Explanatory Notes - Effective interest rates

 

Overview

The effective interest rate is the weighted average of all the interest rates across each type of deposit or loan account held by all the clients within an economic sector. The Bank of England (Bank) calculates average effective rates as weighted averages of the effective interest rates supplied by each of the institutions. 

 

Availability

Data are available monthly from January 2004.  The data are not seasonally adjusted.  Publication of data occurs on the 21st working day of each month on the Interactive Database and in Bankstats table G1.4. The distribution of balances, explained in more detail later on, can be found in Bankstats table G1.5.  See the statistical release calendar (in related links). 

 

Sources

These data are sourced from the Bank's effective interest rates return, Form ER, completed by 19 monetary financial institutions (MFIs). The sample is reviewed regularly to ensure that it remains representative of MFIs’ lending to and deposits from UK-resident individuals and organisations, and that it provides coverage of at least 75% for MFIs' business within each of the main sectors of the economy.
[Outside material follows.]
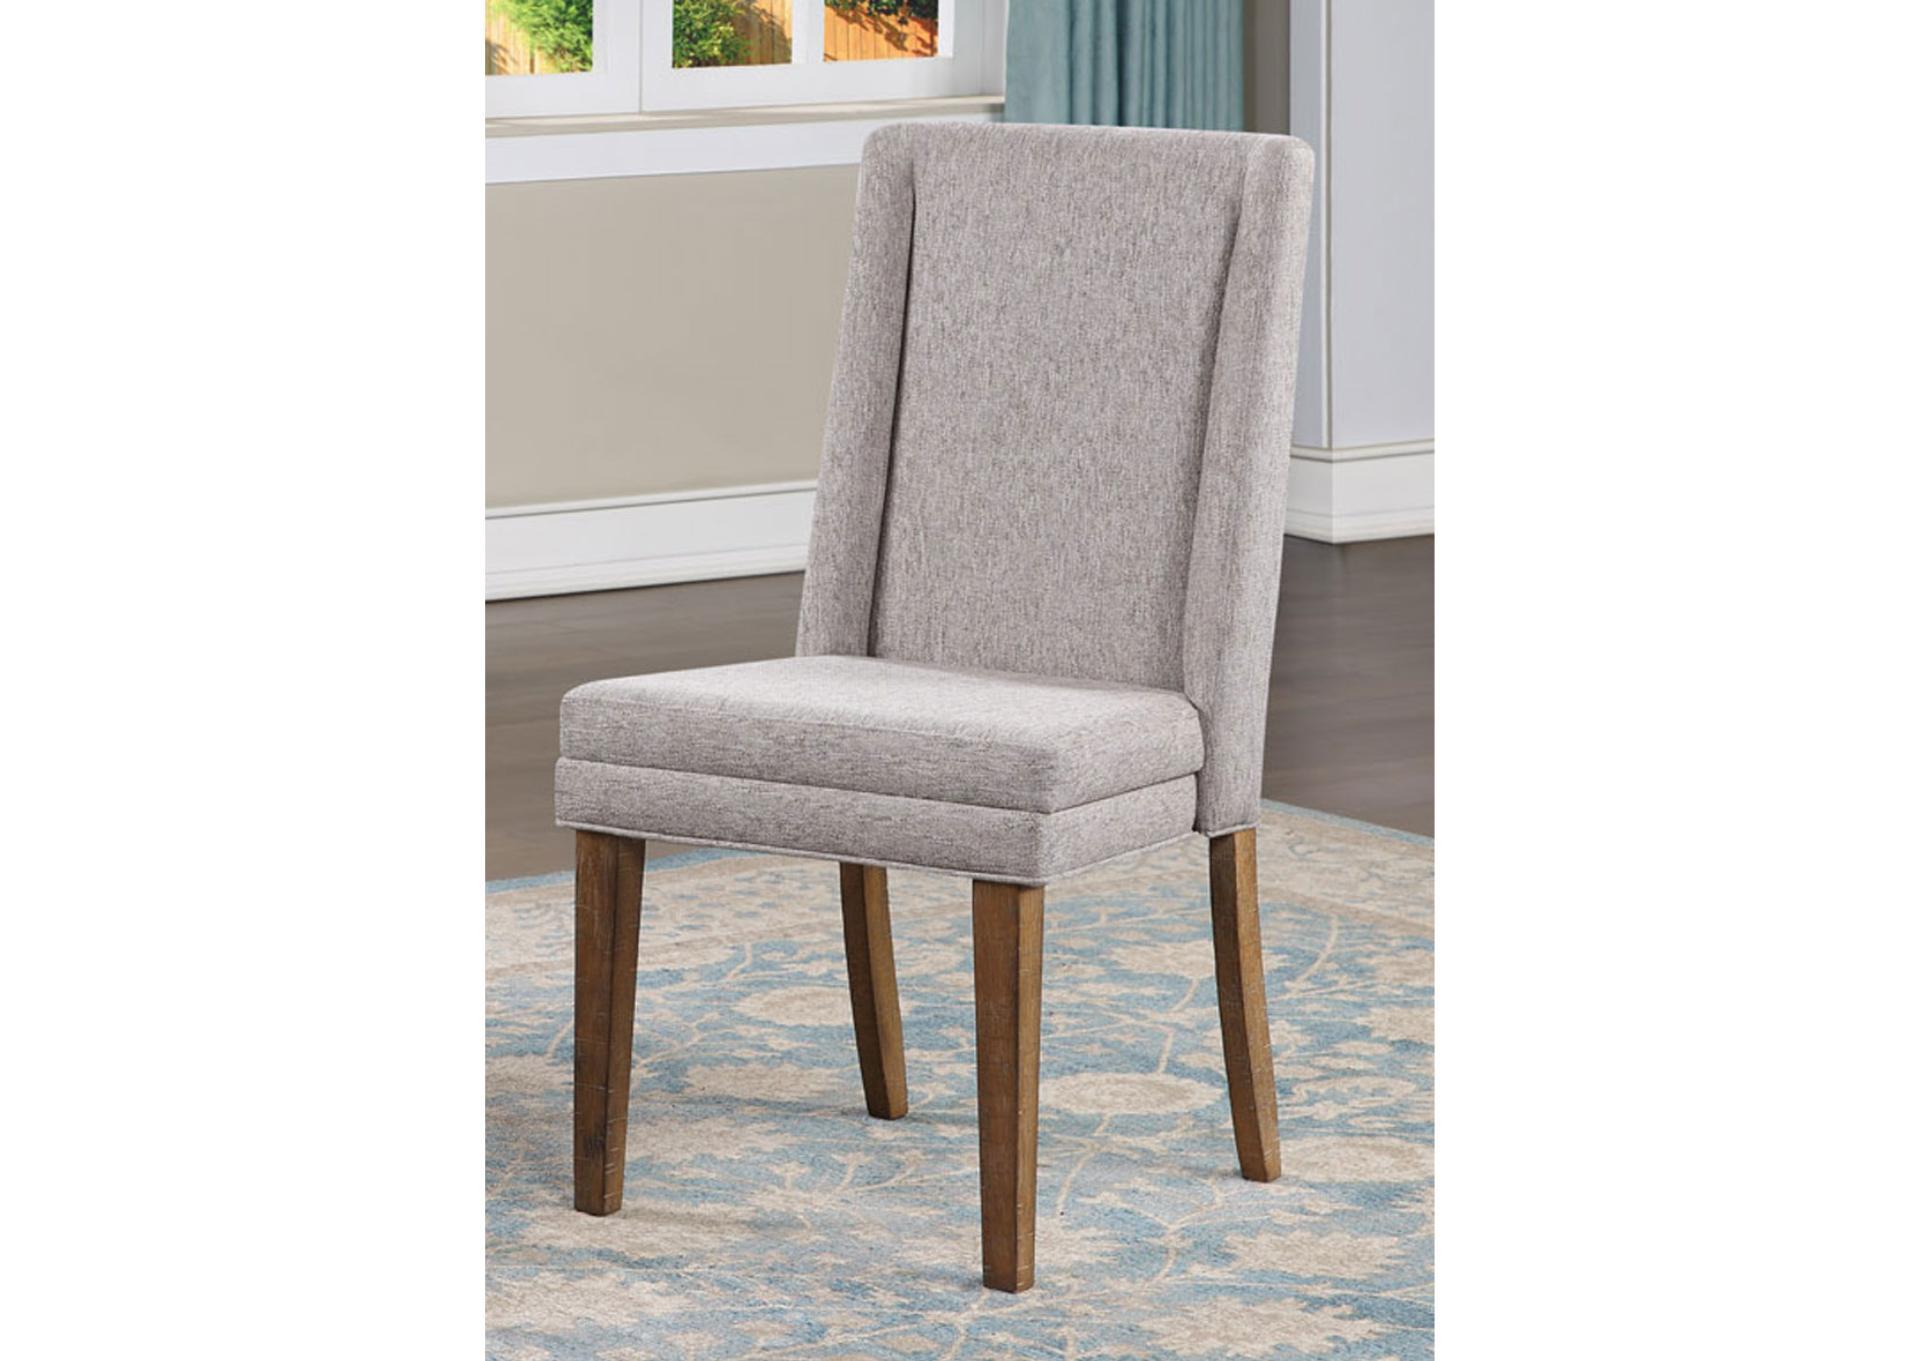 RIVERDALE UPHOLSTERED SIDE CHAIR,STEVE SILVER COMPANY

The reporting institutions are selected from a population of around 350 UK-resident MFIs using stratified sampling techniques, where each stratum represents an economic sector or product type.  To achieve the 75% target with the fewest reporters – and thus limit the cost burden on the banking industry – the largest institutions by market share are selected within each stratum.
 
For each of the sectors and instruments specified on Form ER the effective interest rate is the average over all types of loans or deposits; over all types of customers and risks; and over business in that month. It is therefore not possible to identify an individual reporting institution’s actual interest rate that they pay or charge for a particular product, or even the “average” rate for a reporting institution. 
 
All data are subject to revision if and when new information becomes available.  For more information on revisions practices see the Explanatory Note on revisions.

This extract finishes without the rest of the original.